Eight years ago a small group of determined McLaughlin residents decided they wanted to make their neighborhood better by turning a small park into a community meeting place.

These residents dreamed, planned, and fund-raised, but it was not until the neighborhood development organization, Community enCompass, received a $44,000  from the Michigan State Housing Development Authority (MSHDA) that the plans could be fully realized.

Now, among other improvements, the small, well-groomed park has a lovely pavilion with a bright blue roof for the enjoyment of the neighbors.

“This is really a community story,” says Kimi George, Rehab Specialist and Special Projects Manager for Community enCompass, which has any number of projects that benefit community members, including a youth camp and affordable housing through its Bethany Housing.

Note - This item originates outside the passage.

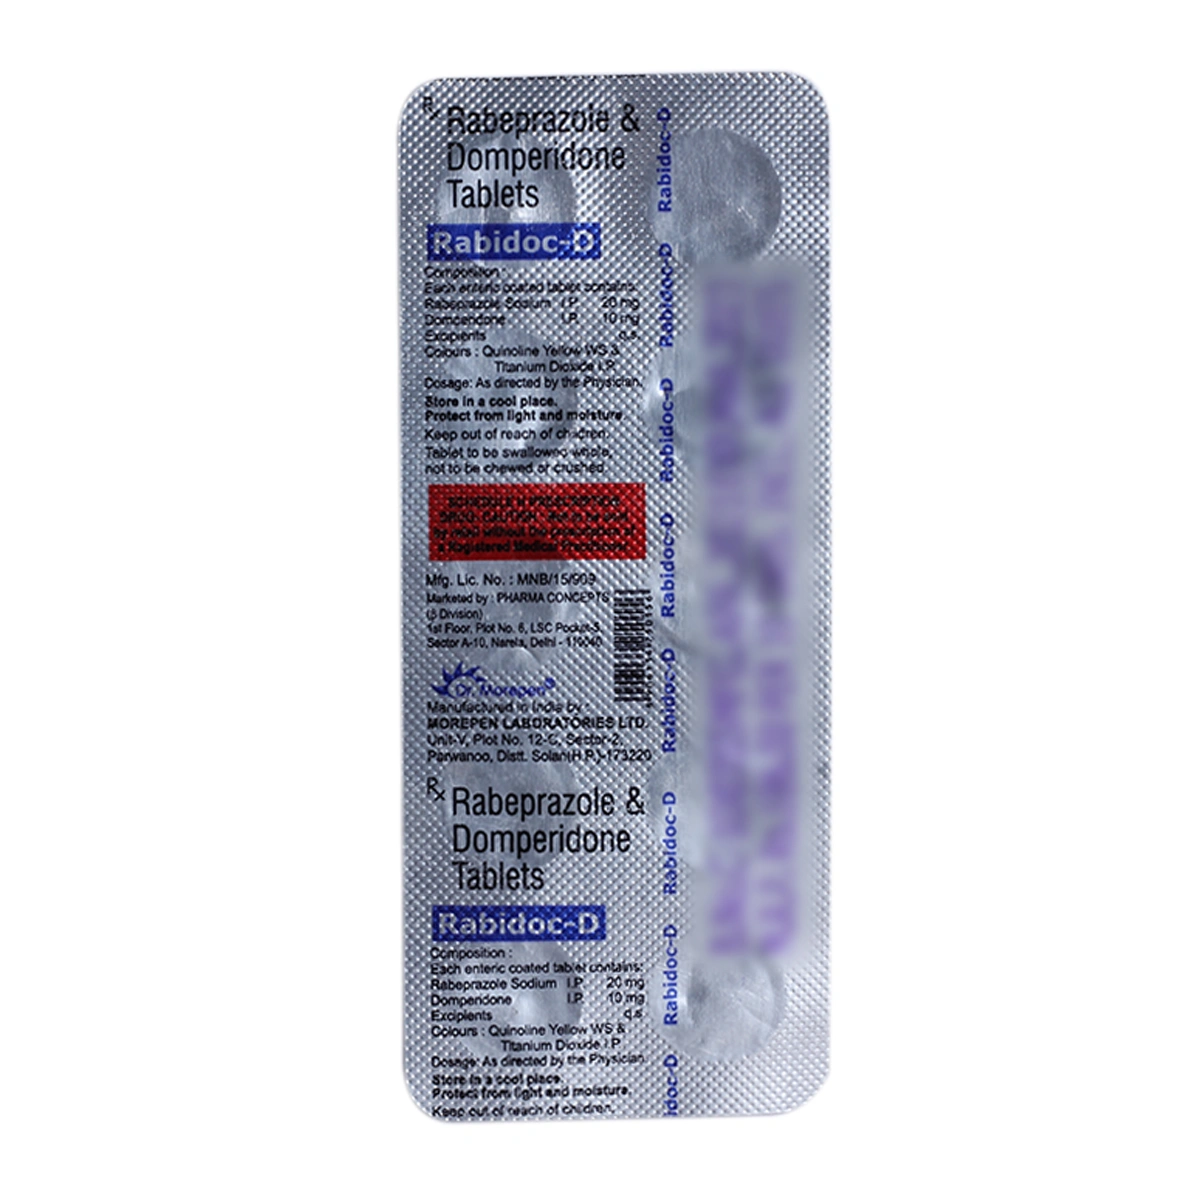 Rabidoc-D Tablet

“Community members are the ones who approached the city about the park in the first place. Neighbors maintain the park, and they came up with this plan for the pavilion eight years ago. They didn’t just forget about it, they stuck with it.”

According to Tonya Young, the Neighborhood Enhancement Program Team Manager at MSHDA, NEP was started in 2016 after the state asked neighborhood development groups what they wanted to fund. Money must go to housing enhancements; neighborhood beautification; and/or public amenity enhancements. Priority is given where there are engaged residents.

“What that means is that we want to assist neighborhoods where there is something actually going on,” Young said. “We’re prioritizing making noticeable change happen.”

In addition to the park, McLaughlin will help three senior citizens make housing improvements. The City of Grand Haven also received an NEP grant for housing improvements.

As far as the use of the funds, George says, “We got quite a lot out of it; we really stretched that money.” The price tag for a steel pavilion increased a lot from the time the neighbors first started planning, so they changed to a wooden pavilion and received labor help from the City of Muskegon. They were therefore able to afford a new shed and two concrete pads for picnic tables.

In addition, The Rotary Club and the West Michigan Symphony Orchestra helped install “Wee Notes”?­– two units similar to a xylophone and one taller unit like organ pipes – near the existing playground equipment.

MSHDA has also given McLaughlin a pilot MOD grant to create modular housing that will expand Bethany Housing’s capacity to supply affordable homes.